Elizabeth Berry-Kravis, MD, PhD, co-director of the Molecular Diagnostics Section of the Genetic Laboratory at Rush Medical College in Chicago, describes different treatment options for Niemann-Pick Type C (NPC).
NPC is a disabling neurogenetic disorder that has been diagnosed prenatally, neonatally, during childhood, and even into adulthood. This very rare genetic disorder is marked by progressive motor dysfunction and a highly variable symptom profile and onset of symptoms. It can result in the patient’s death soon after birth or manifest as a chronic disorder with symptoms worsening slowly over time.
Management of NPC largely consists of treating patients’ individual symptoms such as urologic deterioration, seizures, hypersalivation and drooling, spasticity, bowel dysfunction, and behavioral or psychiatric issues. Although miglustat was approved for the treatment of NPC by the European Medicines Agency in 2006, it has not been approved for this indication by the U.S. Food and Drug Administration. The drug inhibits the glycosphingolipid (GSL) synthesis, which seems to slow accumulation of this lipid in brain tissue. As a result, it may slow the development of neurologic symptoms associated with NPC.

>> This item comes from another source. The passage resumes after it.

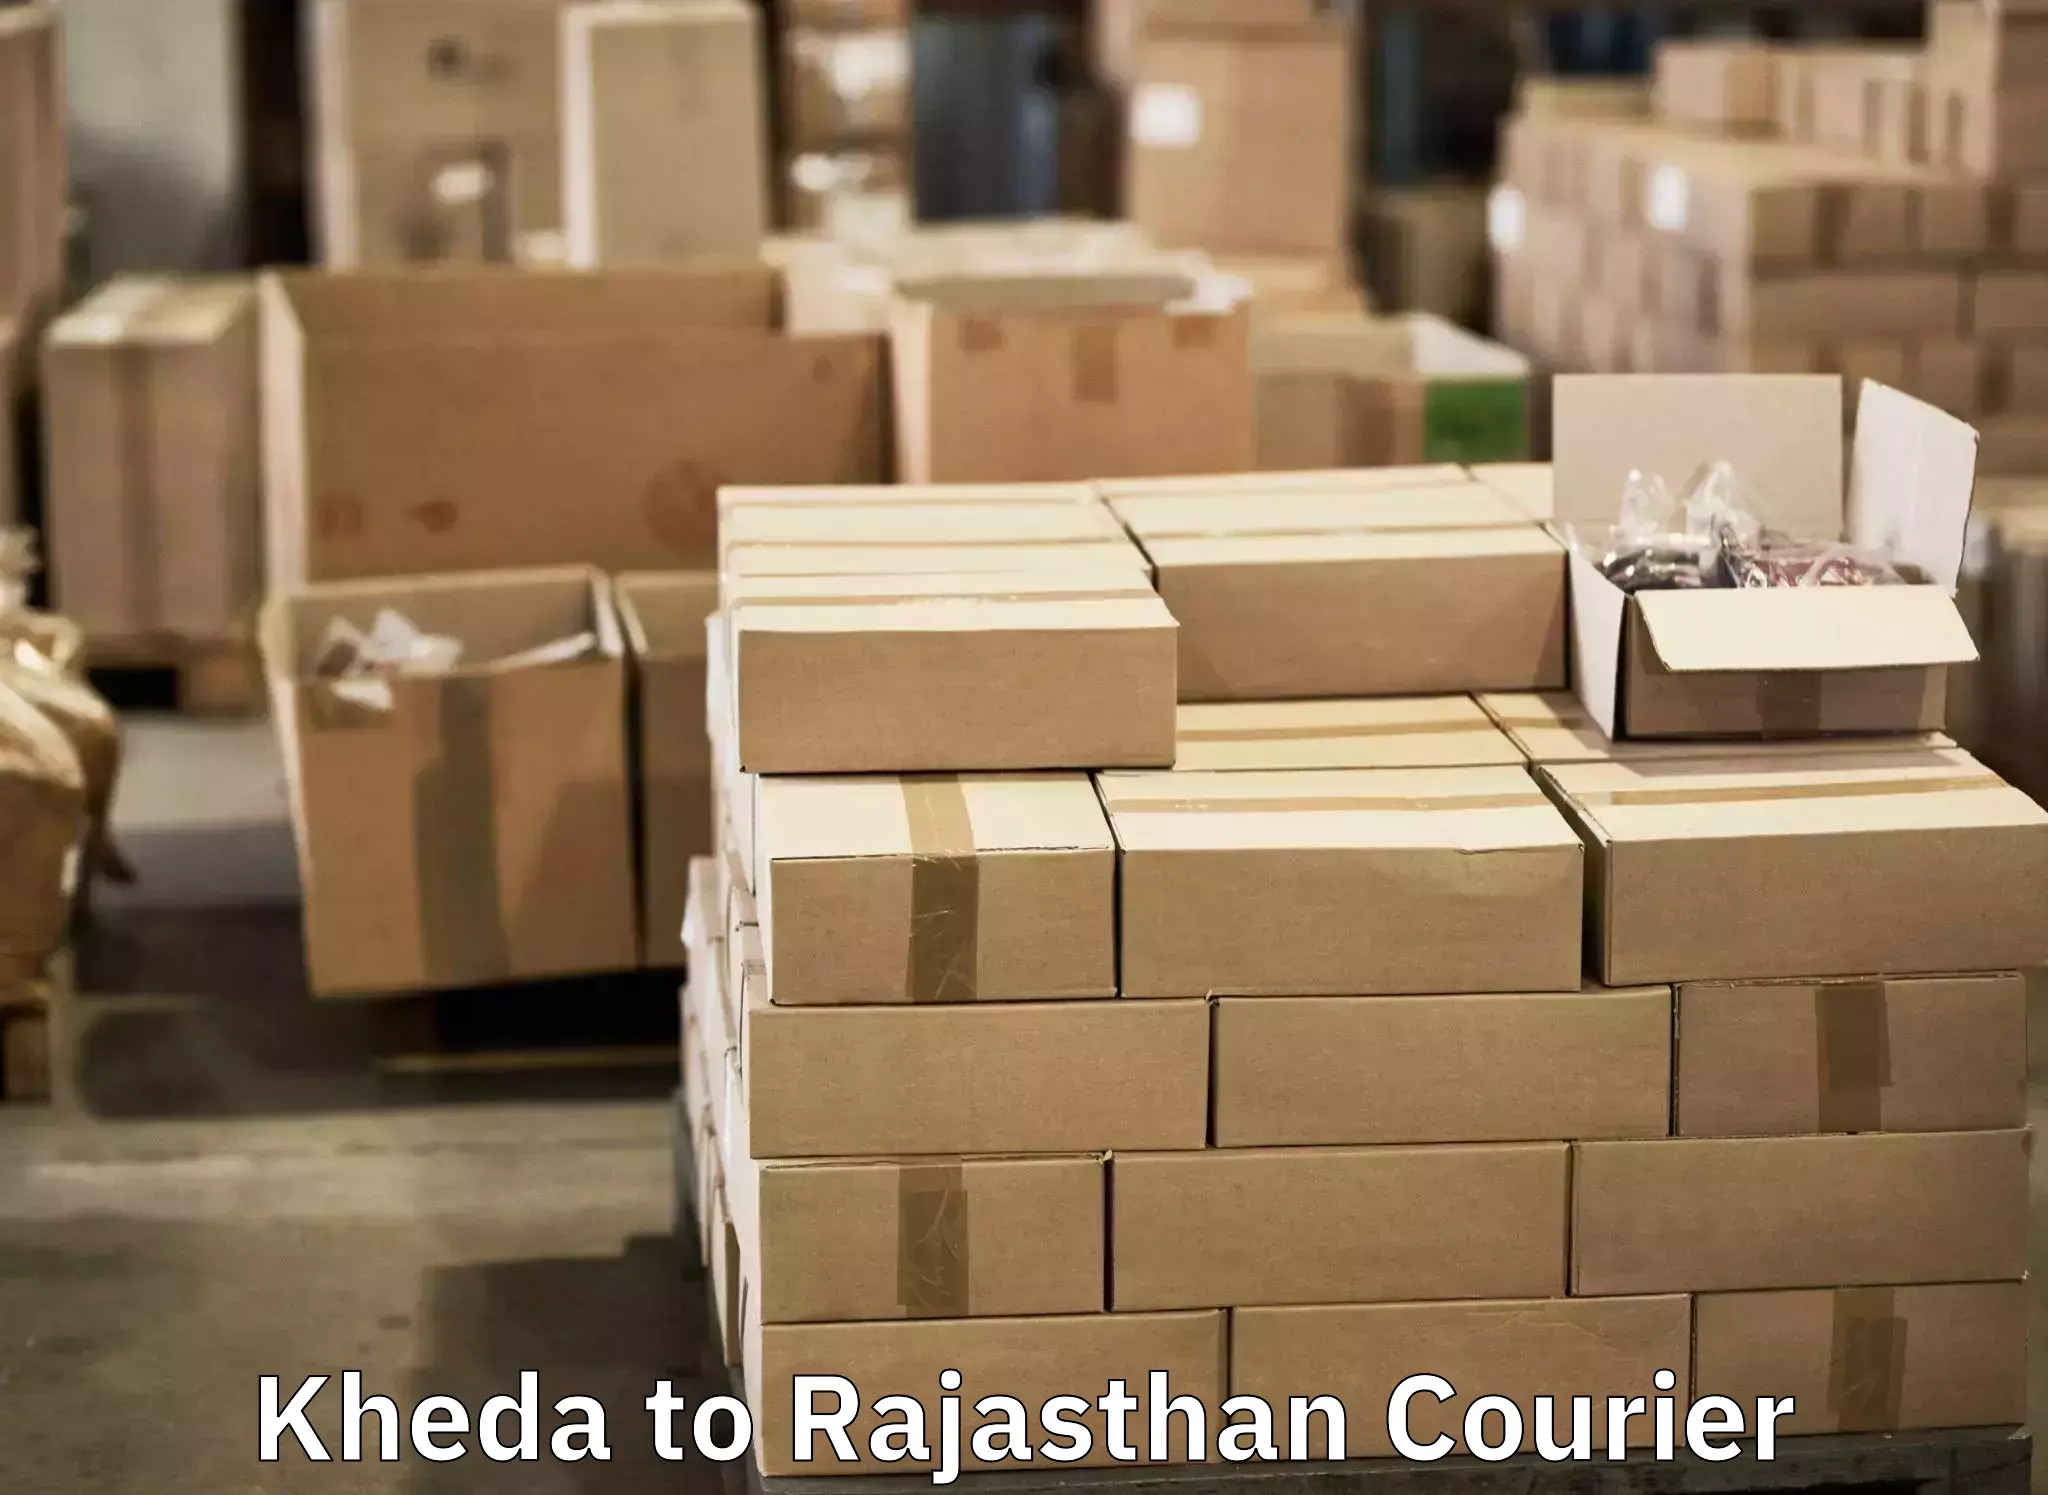 Baggage shipping experts Kheda to Jaipur
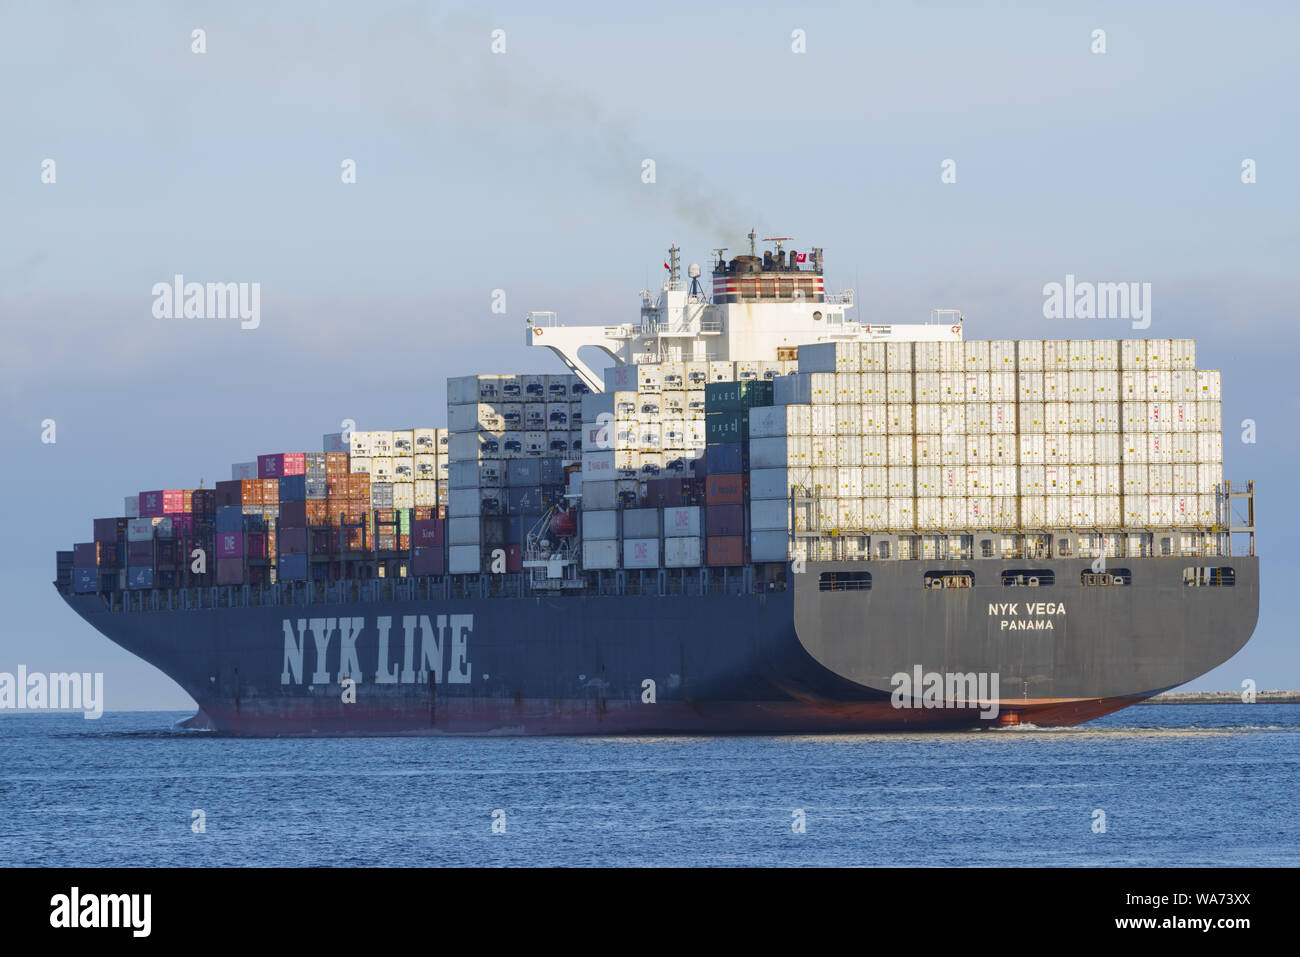 Bild eines NYK Line Container schiff gezeigt, der Hafen von Los Angeles. Stockfoto

Multidisciplinary care management may be the best approach to helping patients with NPC (and their families or caregivers), because NPC affects different organs, muscle tone, and mental status.
The prognosis for the disease can be poor for infants (<2 months) demonstrating symptoms just after birth (like cholestasis, hepatomegaly, or splenomegaly), but other patients may have mild disease that is not diagnosed until they are adults. For those expressing long-term, severe symptoms, death may result from neurologic decline and other life-threatening complications of NPC.